Read The Hyperion Cantos 4-Book Bundle Online
Authors: Dan Simmons
Alpha opened the outer doors and we passed through the antechamber
into the central basilica. The Three Score and Ten made a wide circle around the altar and its tall cross. There was no litany. There was no singing. There was no ceremony. We simply stood there in silence as the wind roared through the fluted columns outside and echoed in the great empty room carved into the stone—echoed and resonated and grew in volume until I clapped my hands over my ears. And all the while the streaming, horizontal rays of sunlight filled the hall with deepening hues of amber, gold, lapis, and then amber again—colors so deep that they made the air thick with light and lay like paint against the skin. I watched as the cross caught this light and held it in each of its thousand precious stones, held it—it seemed—even after the sun had set and the windows had faded to a twilight gray. It was as if the great crucifix had absorbed the light and was radiating it toward us, into us. Then even the cross was dark and the winds died and in the sudden dimness Alpha said softly, “Bring him along.”
We emerged onto the wide ledge of stone and Beta was there with torches. As Beta passed them out to a selected few, I wondered if the Bikura reserved fire for ritual purposes only. Then Beta was leading the way and we descended the narrow staircase carved into the stone.
At first I crept along, terrified, clutching at the smooth rock and searching for any reassuring projection of root or stone. The drop to our right was so sheer and endless that it bordered on being absurd. Descending the ancient staircase was far worse than clutching at vines on the cliff face above. Here I had to look down each time I placed a foot on the narrow, age-slickened slabs. A slip and fall at first seemed probable, then inevitable.

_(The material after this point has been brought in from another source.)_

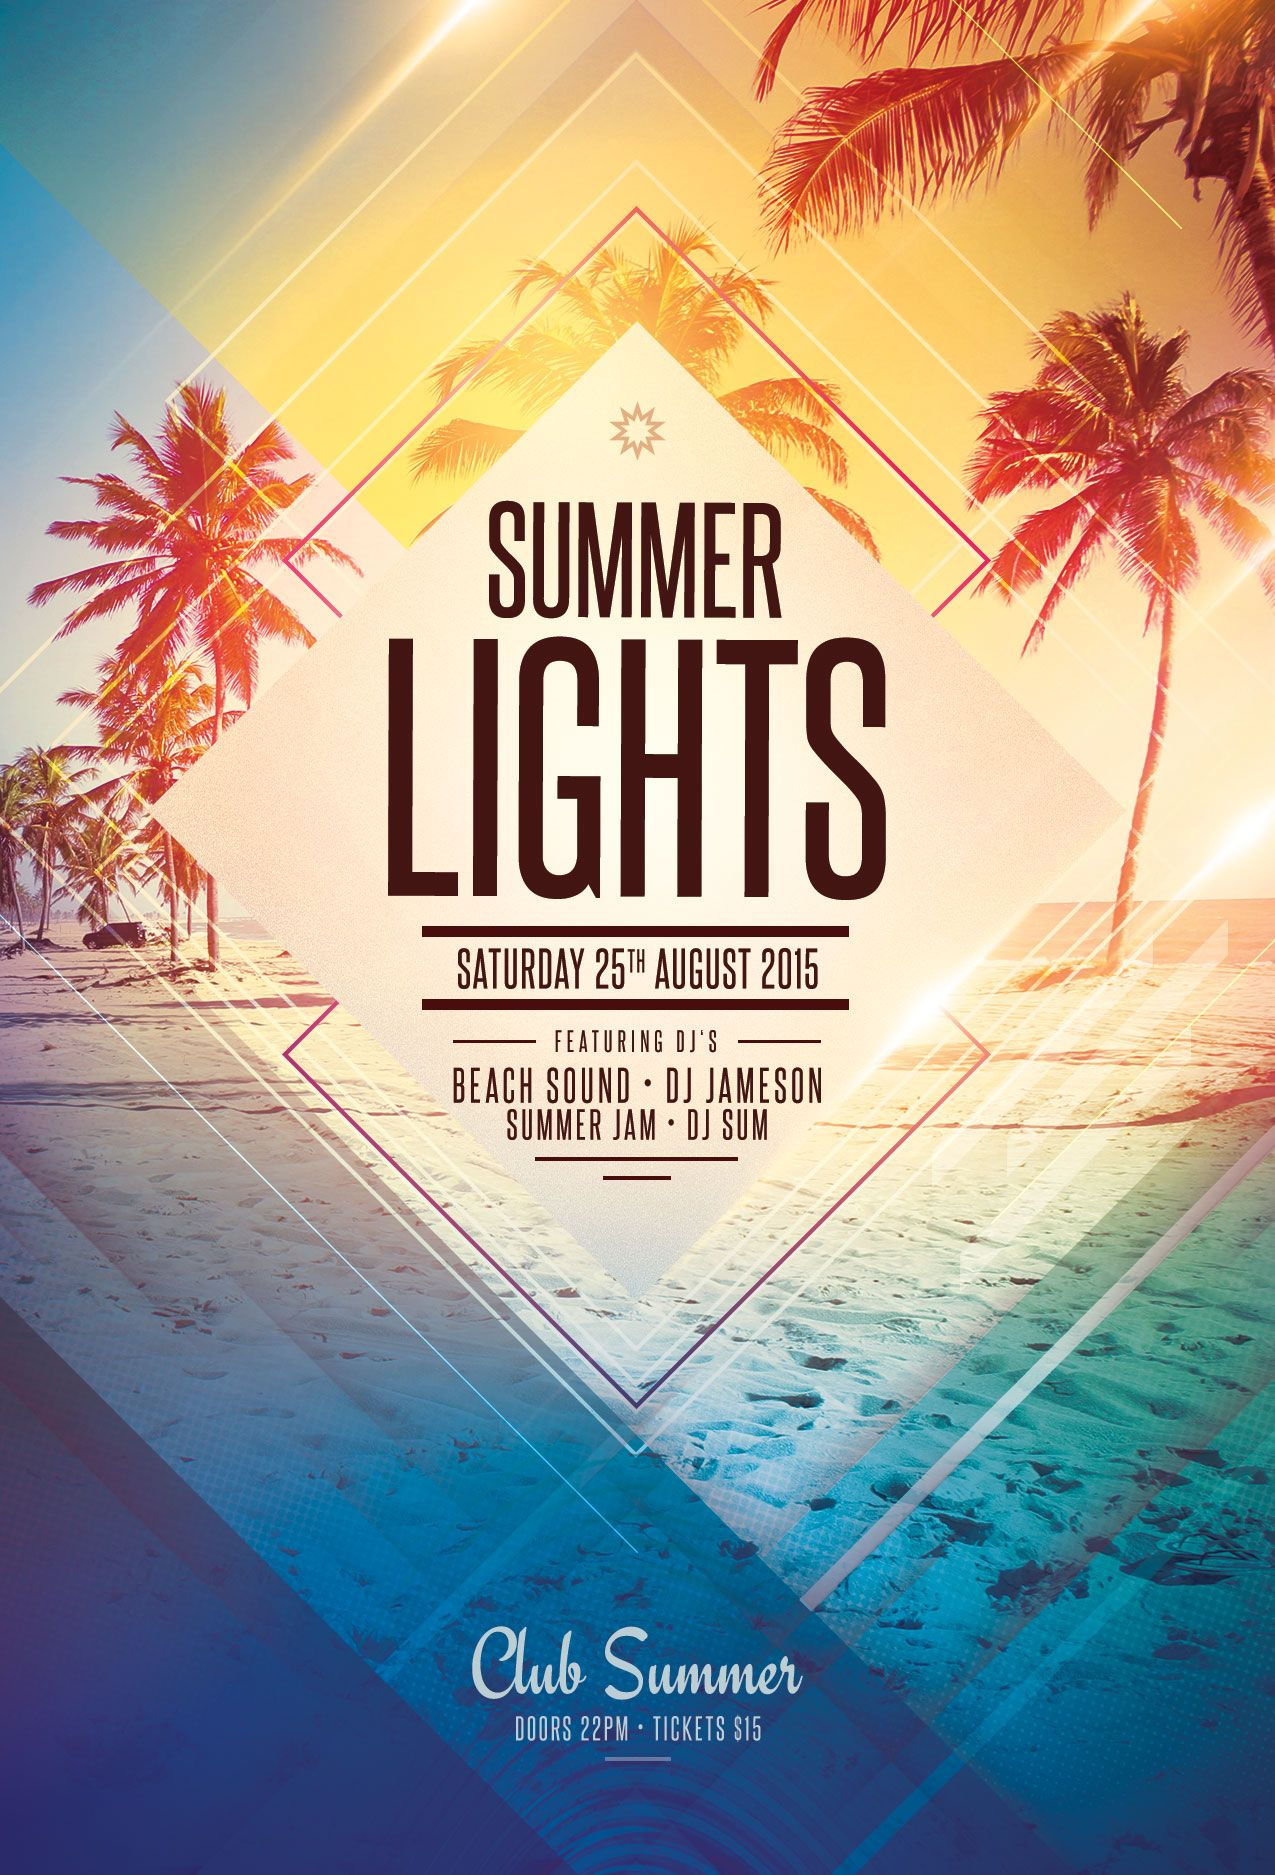 Poster design template psd - Summer Lights Flyer Template Download Psd File 9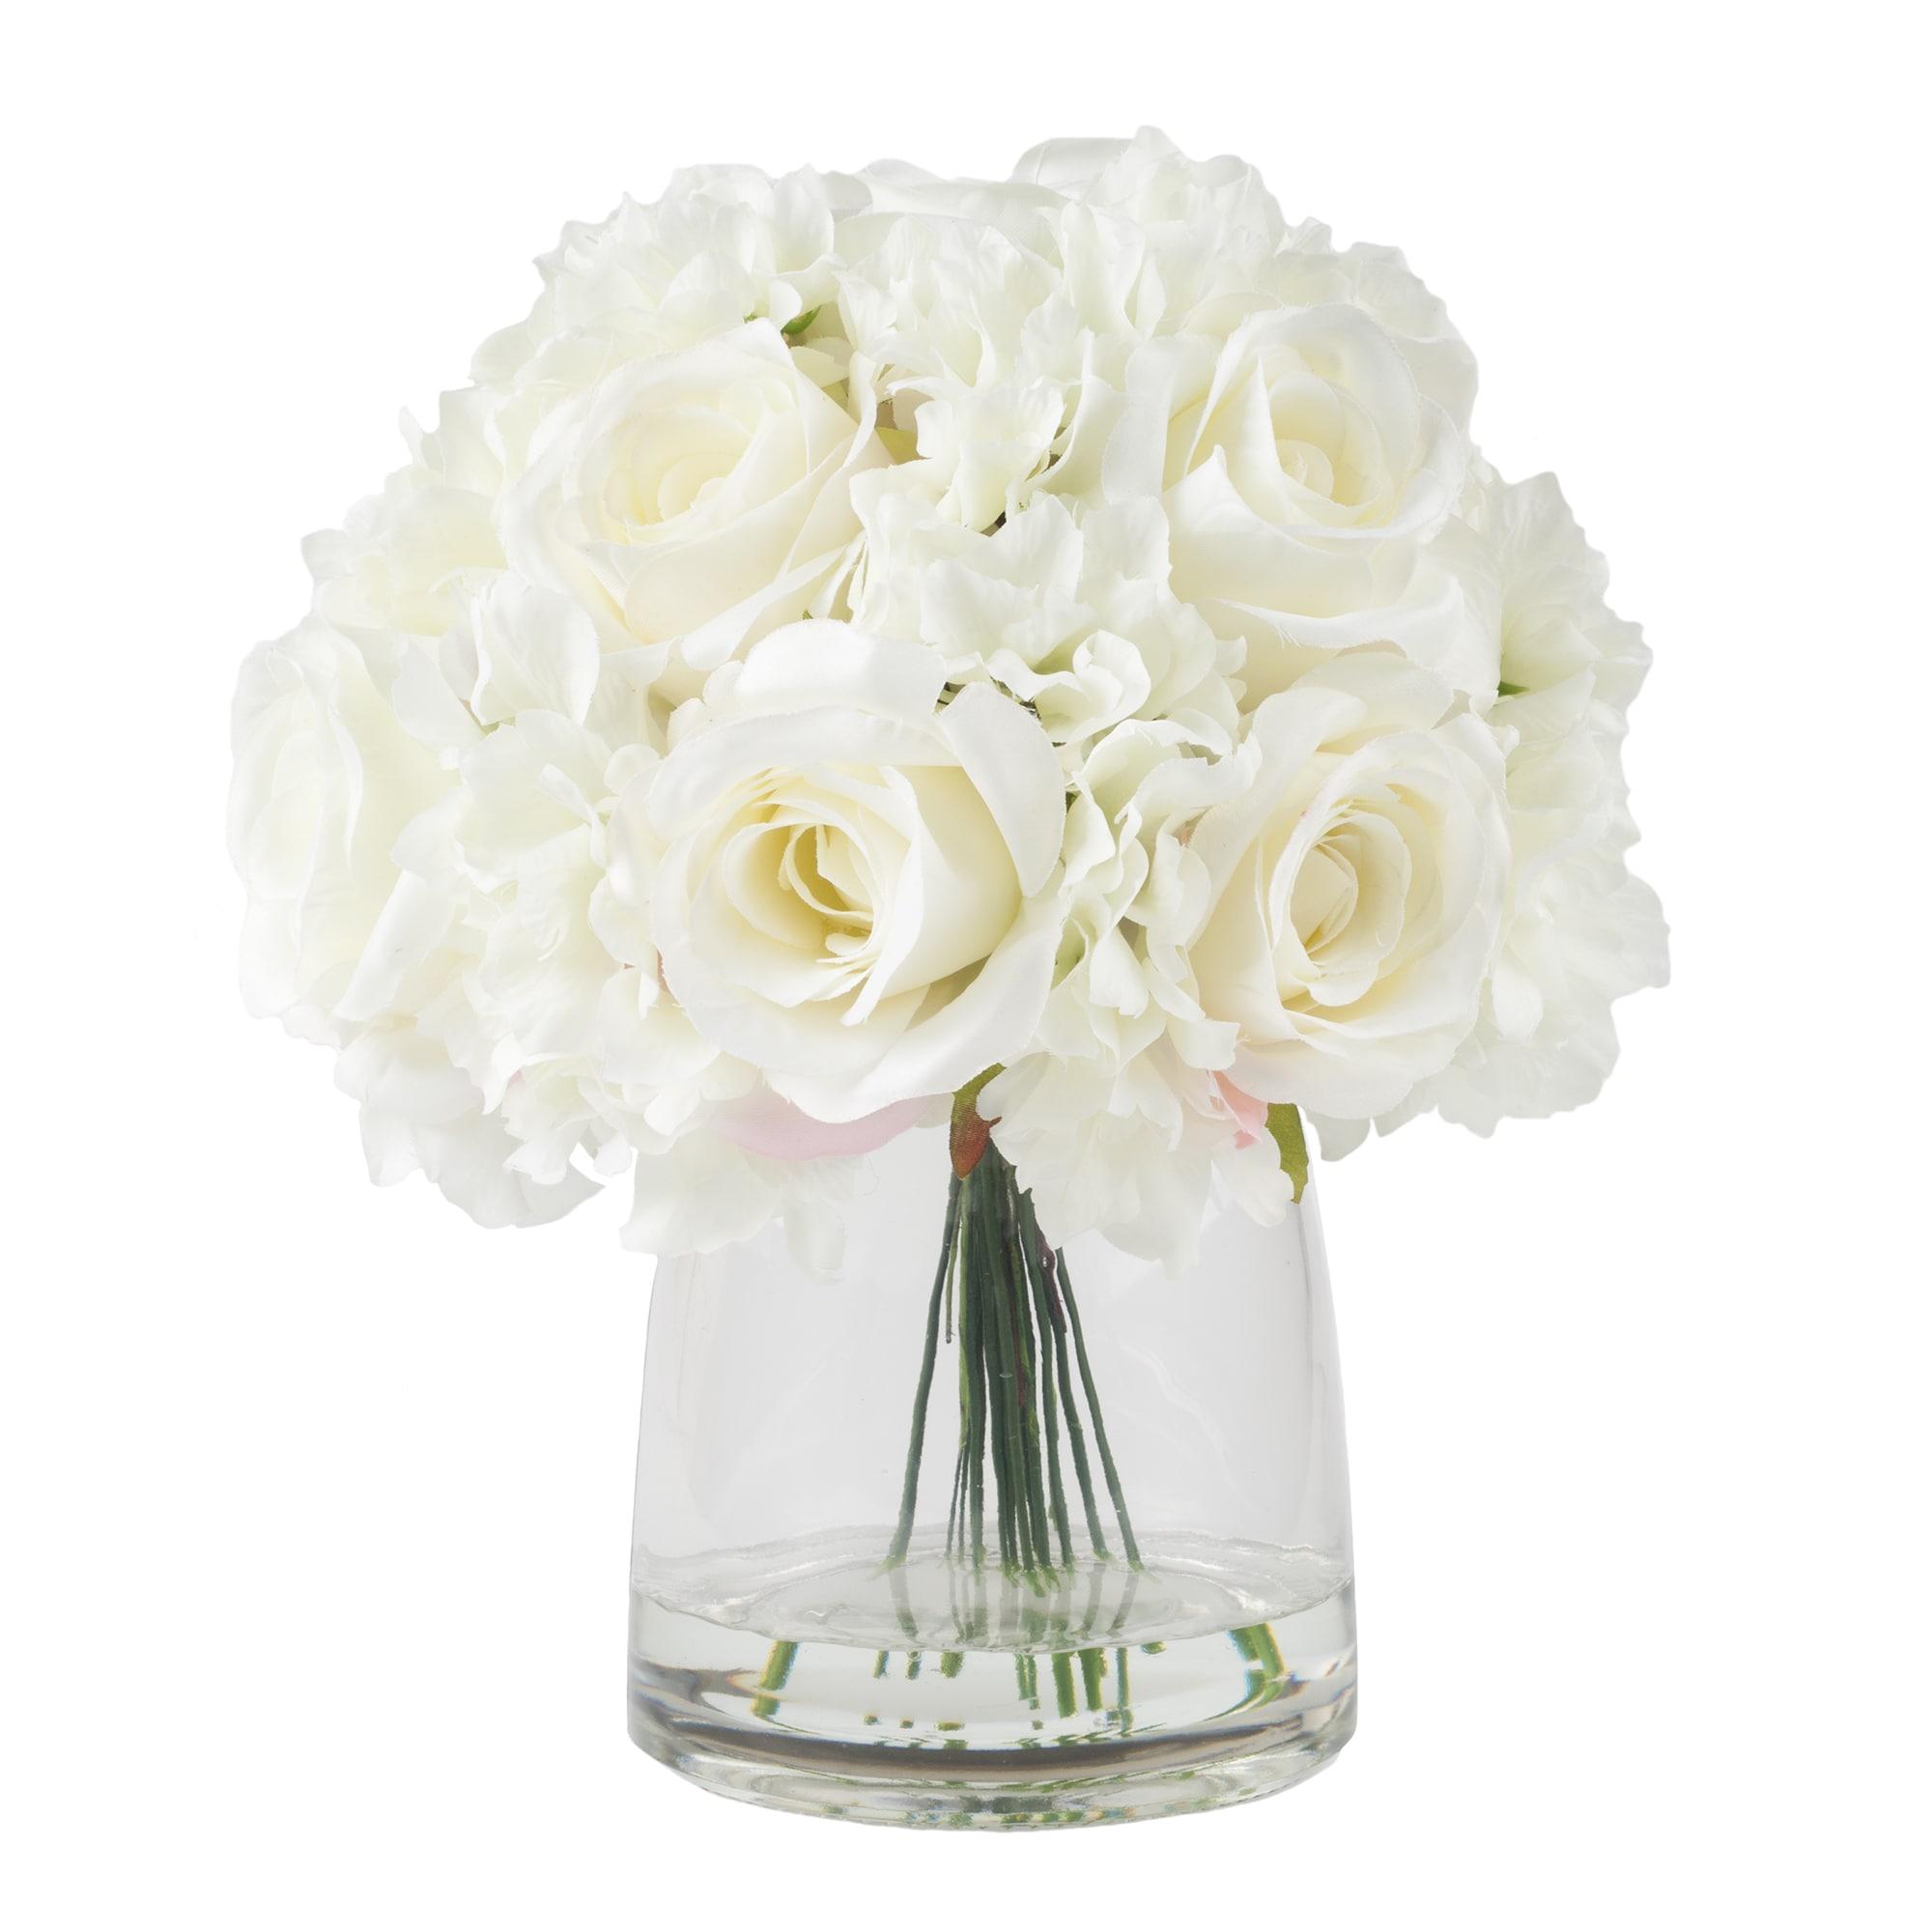 Shop Pure Garden Hydrangea And Rose Floral Arrangement With Vase

I had the urge to stop then, to return at least to the safety of the basilica, but most of the Three Score and Ten were behind me on the narrow staircase and there seemed little chance that they would stand aside to let me pass. Besides this, and even greater than my fear, was the nagging curiosity about what was at the bottom of the staircase. I did pause long enough to glance up at the lip of the Cleft three hundred meters above and to see that the clouds were gone, the stars were out, and the nightly ballet of meteor trails was bright
against a sable sky. Then I lowered my head, began a whispered recitation of the rosary, and followed the torchlight and the Bikura into the treacherous depths.
I could not believe that the staircase would take us all the way to the bottom of the Cleft, but it did. When, sometime after midnight, I realized that we would be descending all the way down to the level of the river, I estimated that it would take us until noon of the next day, but it did not.
We reached the base of the Cleft shortly before sunrise. The stars still shone in the aperture of sky between cliff walls that rose an impossible distance on either side. Exhausted, staggering downward step by step, recognizing slowly that there were no more steps, I stared upward and wondered stupidly if the stars remained visible there in the daylight as they did in a well I had lowered myself into once as a child in Villefranche-sur-Saône.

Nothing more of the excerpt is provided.